You're right. Corn syrup isn't good for you. But neither is refined sugar, or ice cream for that matter. If using highly processed ingredients is a problem for you, you may want to rethink making desserts from scratch. And to be clear, we're not talking about high fructose corn syrup. The Karo syrup you buy at the grocery store is an entirely different product.
When recipe writers call for corn syrup, they aren't doing it for kicks. So why do I use it in some of my sorbets and sherbets? Because corn syrup is an invert sugar, and invert sugars make sorbets smoother and less icy. The pros use invert sugars in some of their recipes, and you should too.
What's so special about invert sugar? It has two properties conducive to good sorbet:
Invert sugars are more viscous than sugar syrup. Many sorbet recipes call for making a syrup of sugar and water, then adding that syrup to a fruit purée. If you've done this, you've probably noticed that the sugar syrup you make isn't very thick. Corn syrup, on the other hand, is quite viscous, and it adds a rich, full-bodied texture to a sorbet base. The thicker a sorbet base, the creamier it'll be.
Many invert sugars are less sweet than table sugar. Nothing impacts the texture of a sorbet more than how much sugar is in it. Sorbet needs plenty of sugar to stay soft and scoopable, and sometimes the amount of sugar you need for a smooth texture makes a sorbet that tastes candy sweet. But if an invert sugar is less sweet than table sugar, you can use more of it without killing the sorbet with sweetness.
Invert sugars also resist crystallization, which isn't too vital for ice cream but is a big help for candy makers.
Four lemon sorbets with equal sweetness, but made with different amounts of corn syrup and sugar.
Now let's look at corn syrup, which is very thick and gooey, impervious to crystallization, and only 33% as sweet as table sugar (by weight).* There are other invert sugars on the market like glucose and Trimoline (invert cane sugar), but corn syrup is the only one you'll find in your supermarket. Honey, agave nectar, and molasses are also easy-to-find invert sugars, but their strong flavors limit their flexibility.
* You can see a whole table of the relative sweetness of different sugars here. Karo corn syrup doesn't list its exact chemical composition, but we conducted some tests to pinpoint its sweetness. If you want to try this at home, mix 10 grams of sugar into 50 grams of water. Then mix 30 grams of corn syrup into 30 grams of water and taste them blind. The syrups won't taste exactly the same, but they'll be similarly sweet. On Twitter, Catherine Oddenino shared some independent lab results suggesting that Karo is a 47% dextrose equivalent syrup, which puts it right on target for a 33% relative sweetness to sugar with our own taste test.

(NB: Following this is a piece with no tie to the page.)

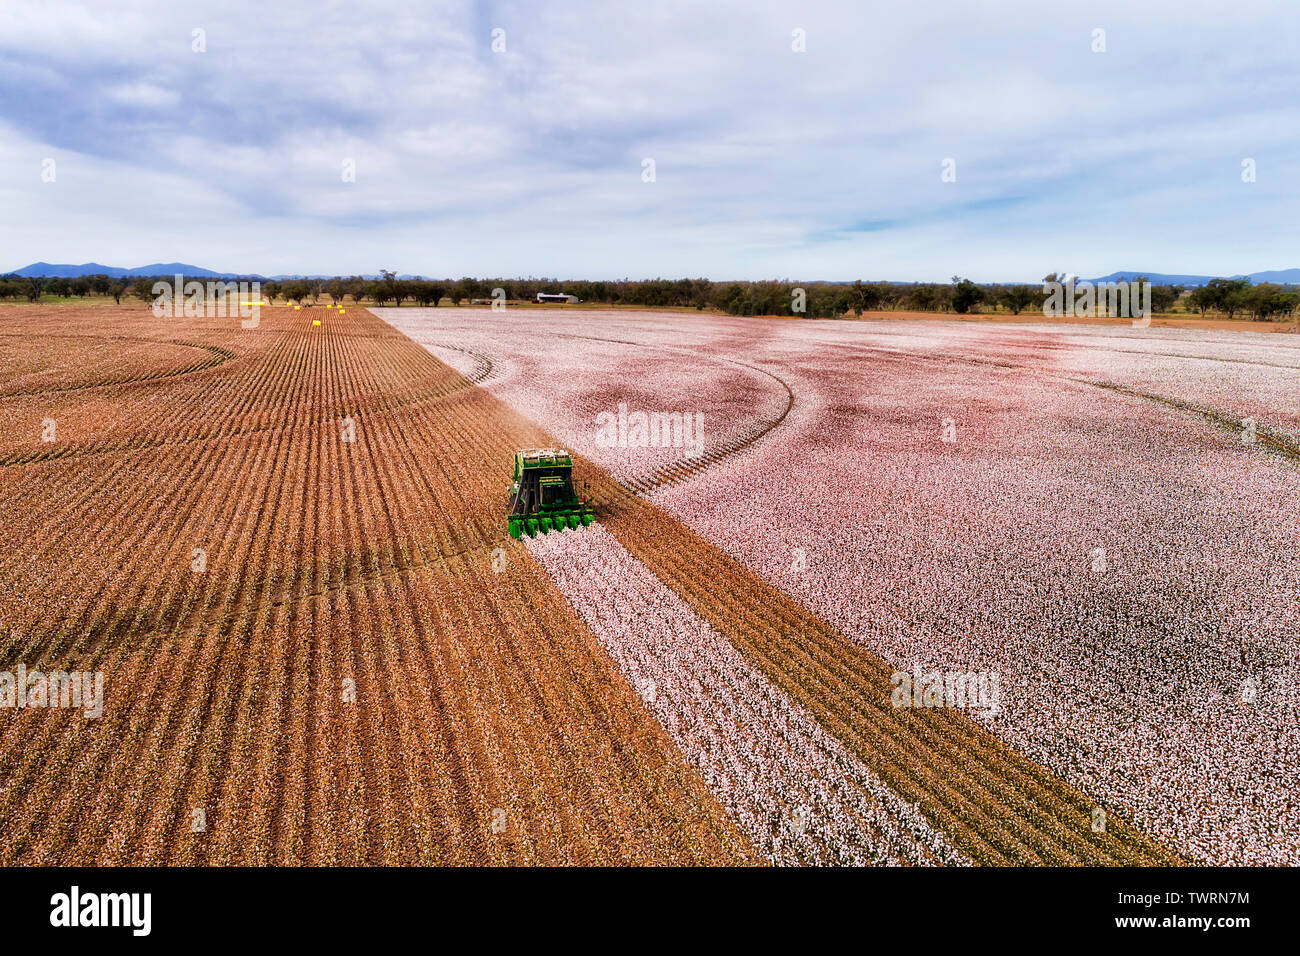 Flache angebauten landwirtschaftlichen Bereichen Australien unter Baumwolle pflanzen während der Ernte mit Mähdrescher Traktor Kommissionierung weißen Schnee Baumwolle Safe Stockfoto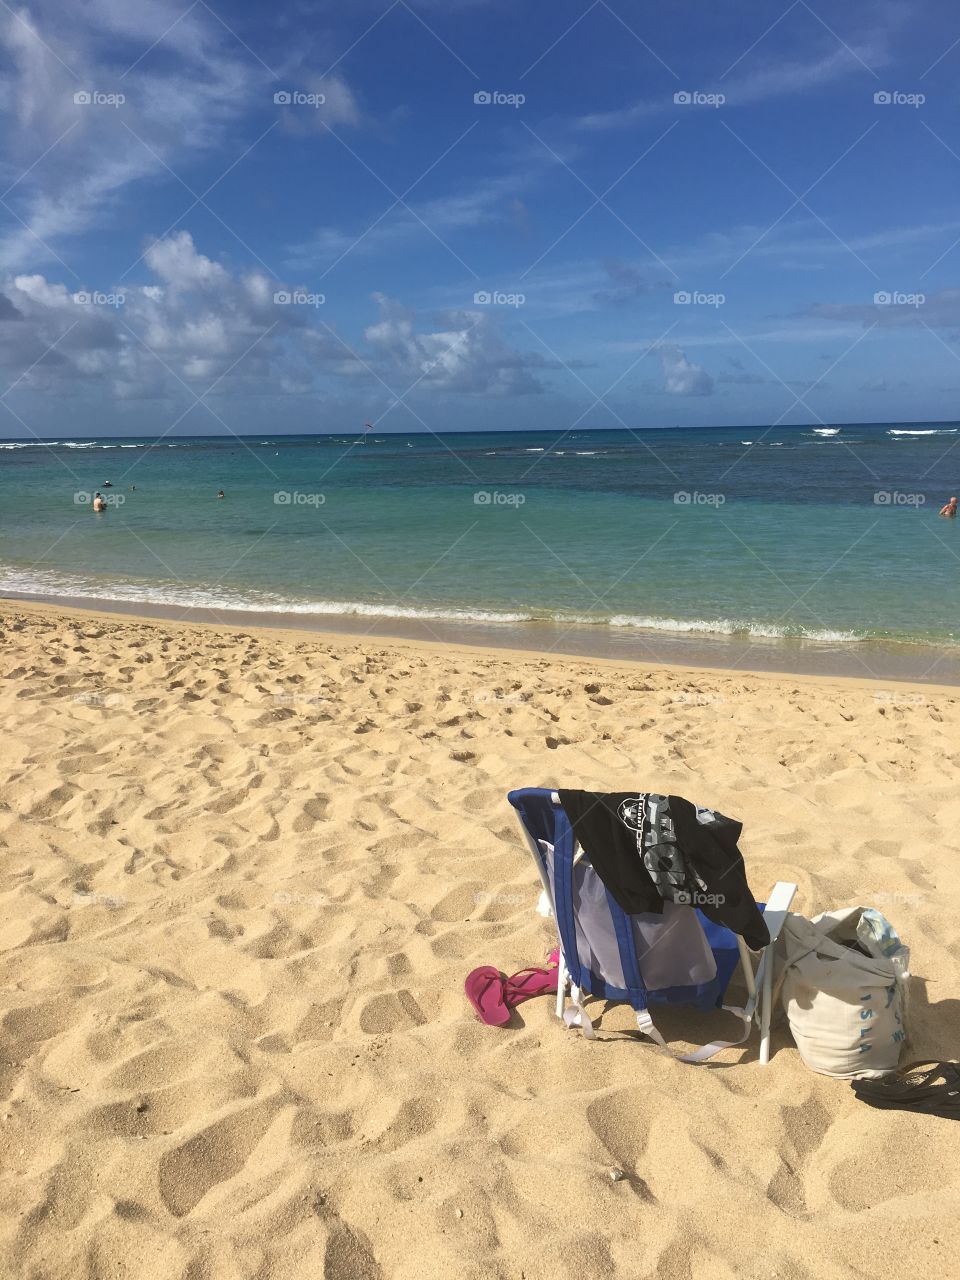 At the beach with beach chair

To see how corn syrup affected a sorbet's texture, I made four batches of lemon sorbet. One was my standard recipe, made with all corn syrup, which I like for its balance of sweet and tart flavors as well as its lush, ice cream-like texture. I also made three other sorbets, equal in volume and sweetness, with different amounts of sugar: one that derived two thirds of its sweetness from corn syrup and one third from sugar, one that had only one third of its sweetness from corn syrup and two thirds from sugar, and a third made with plain sugar, which had only one third of the total sugar of my corn syrup base. The Serious Eats team tasted all four blind and shared their comments.
The results were clear: even a small amount of corn syrup drastically improved a sorbet's texture. While the sugar-based sorbets won out on flavor, their texture suffered. The all-sugar sorbet sucked eggs: dry, icy, clumpy, impossible to scoop. A small amount of corn syrup added substantial creaminess, and greater amounts improved texture even more.
How much corn syrup to add is a question of personal taste. I like the super-dense, super-smooth, ice cream-like texture of my all corn syrup sorbet, though it takes a good 12 hours in the freezer to harden and it melts quickly. Others preferred the mostly corn syrup version, which wasn't quite as smooth, but close. There's no right or wrong answer here, except to dismiss corn syrup out of hand.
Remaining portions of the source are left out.